About the Book
Applied Data Science with Python and Jupyter teaches you the skills you need for entry-level data science. You'll learn about some of the most commonly used libraries that are part of the Anaconda distribution, and then explore machine learning models with real datasets to give you the skills and exposure you need for the real world. You'll finish up by learning how easy it can be to scrape and gather your own data from the open web so that you can apply your new skills in an actionable context.
About the Author
Alex Galea has been doing data analysis professionally since graduating with a master's in physics from the University of Guelph in Canada. He developed a keen interest in Python while researching quantum gases as part of his graduate studies. More recently, Alex has been doing web data analytics, where Python continues to play a large part in his work. He frequently blogs about work and personal projects, which are generally data-centric and usually involve Python and Jupyter Notebooks.
Objectives
- Get up and running with the Jupyter ecosystem
- Identify potential areas of investigation and perform exploratory data analysis
- Plan a machine learning classification strategy and train classification models
- Use validation curves and dimensionality reduction to tune and enhance your models
- Scrape tabular data from web pages and transform it into Pandas DataFrames
- Create interactive, web-friendly visualizations to clearly communicate your findings
Audience
Applied Data Science with Python and Jupyter is ideal for professionals with a variety of job descriptions across a large range of industries, given the rising popularity and accessibility of data science. You'll need some prior experience with Python, with any prior work with libraries such as Pandas, Matplotlib, and Pandas providing you a useful head start.
Approach
Applied Data Science with Python and Jupyter covers every aspect of the standard data workflow process with a perfect blend of theory, practical hands-on coding, and relatable illustrations. Each module is designed to build on the learnings of the previous chapter. The book contains multiple activities that use real-life business scenarios for you to practice and apply your new skills in a highly relevant context.

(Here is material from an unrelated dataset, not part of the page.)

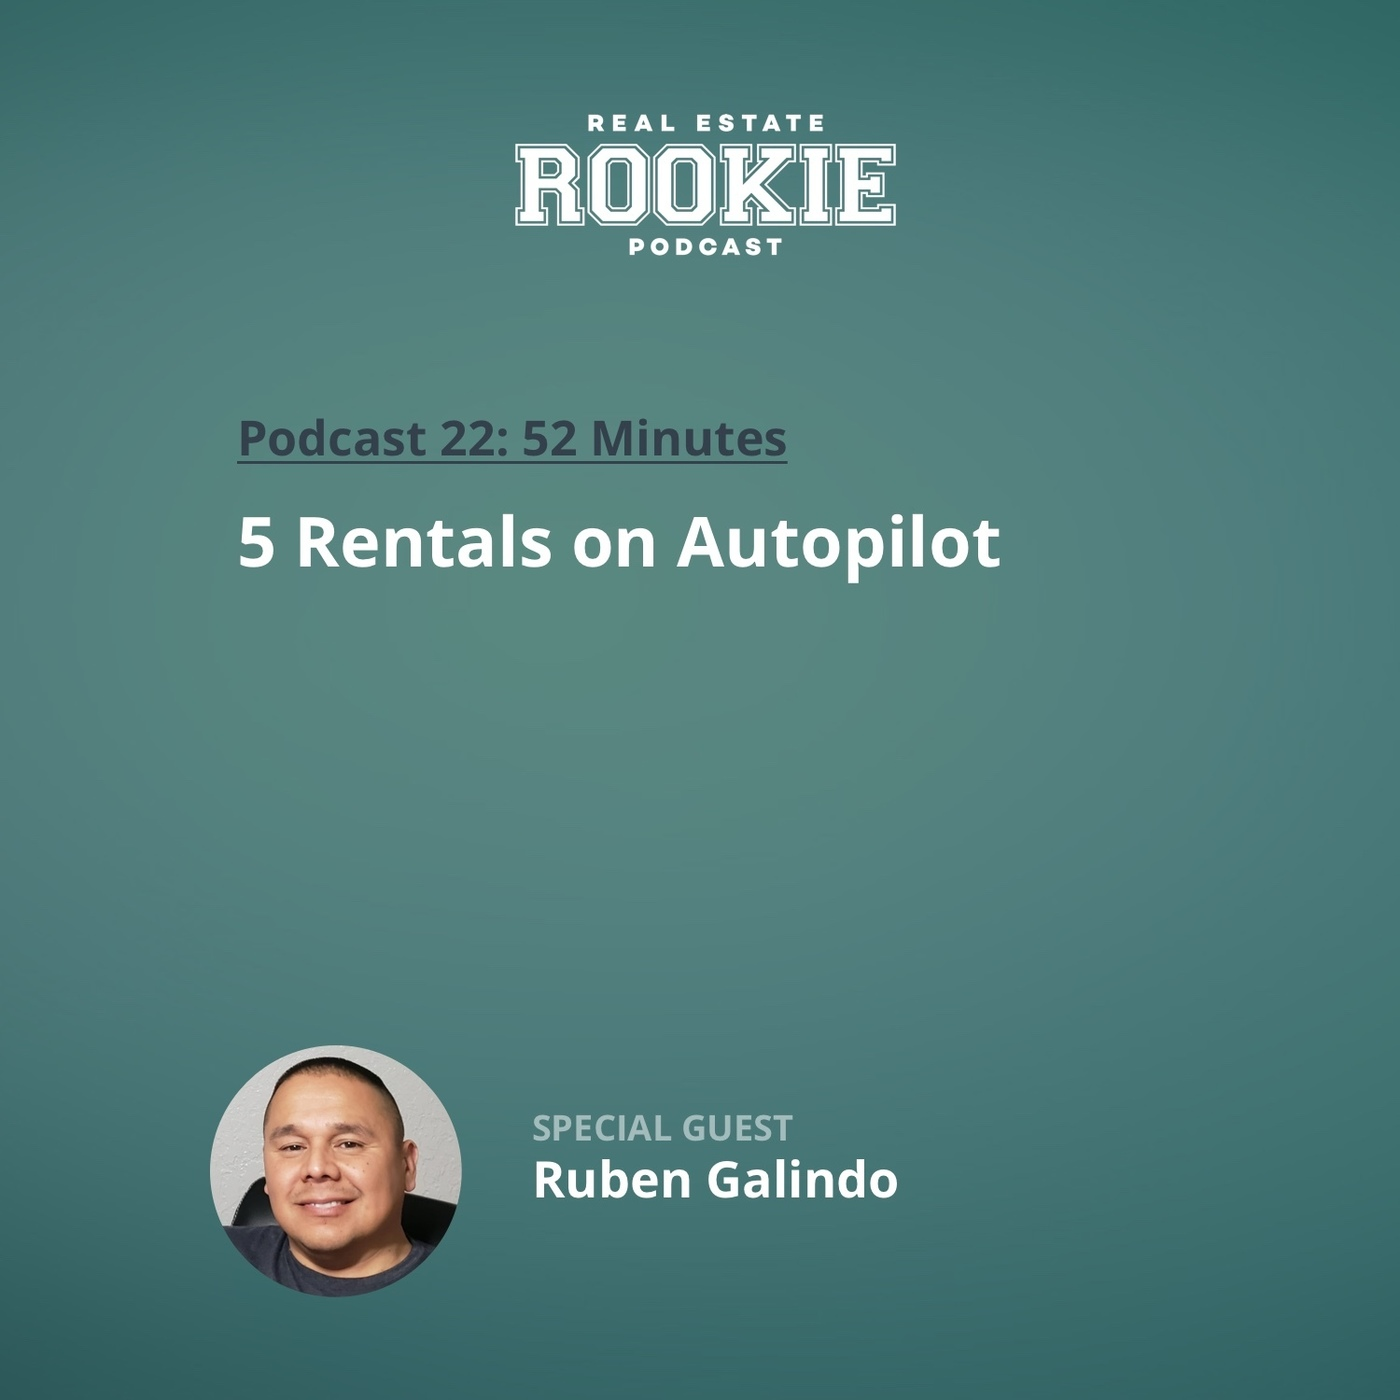 5 Rentals on Autopilot with Full-Time Highway Patrolman Ruben Galindo

Minimum Hardware Requirements
The minimum hardware requirements are as follows:
- Processor: Intel i5 (or equivalent)
- Memory: 8 GB RAM
- Hard disk: 10 GB
- An internet connection
Software Requirements
You'll also need the following software installed in advance:
- Python 3.5+
- Anaconda 4.3+
- Python libraries included with Anaconda installation:
- matplotlib 2.1.0+
- ipython 6.1.0+
- requests 2.18.4+
- beautifulsoup4 4.6.0+
- numpy 1.13.1+
- pandas 0.20.3+
- scikit-learn 0.19.0+
- seaborn 0.8.0+
- bokeh 0.12.10+
- Python libraries that require manual installation:
- mlxtend
- version_information
- ipython-sql
- pdir2
- graphviz
Installation and Setup
Before you start with this book, we'll install Anaconda environment which consists of Python and Jupyter Notebook.
Installing Anaconda
- Visit https://www.anaconda.com/download/ in your browser.
- Click on Windows, Mac, or Linux, depending on the OS you are working on.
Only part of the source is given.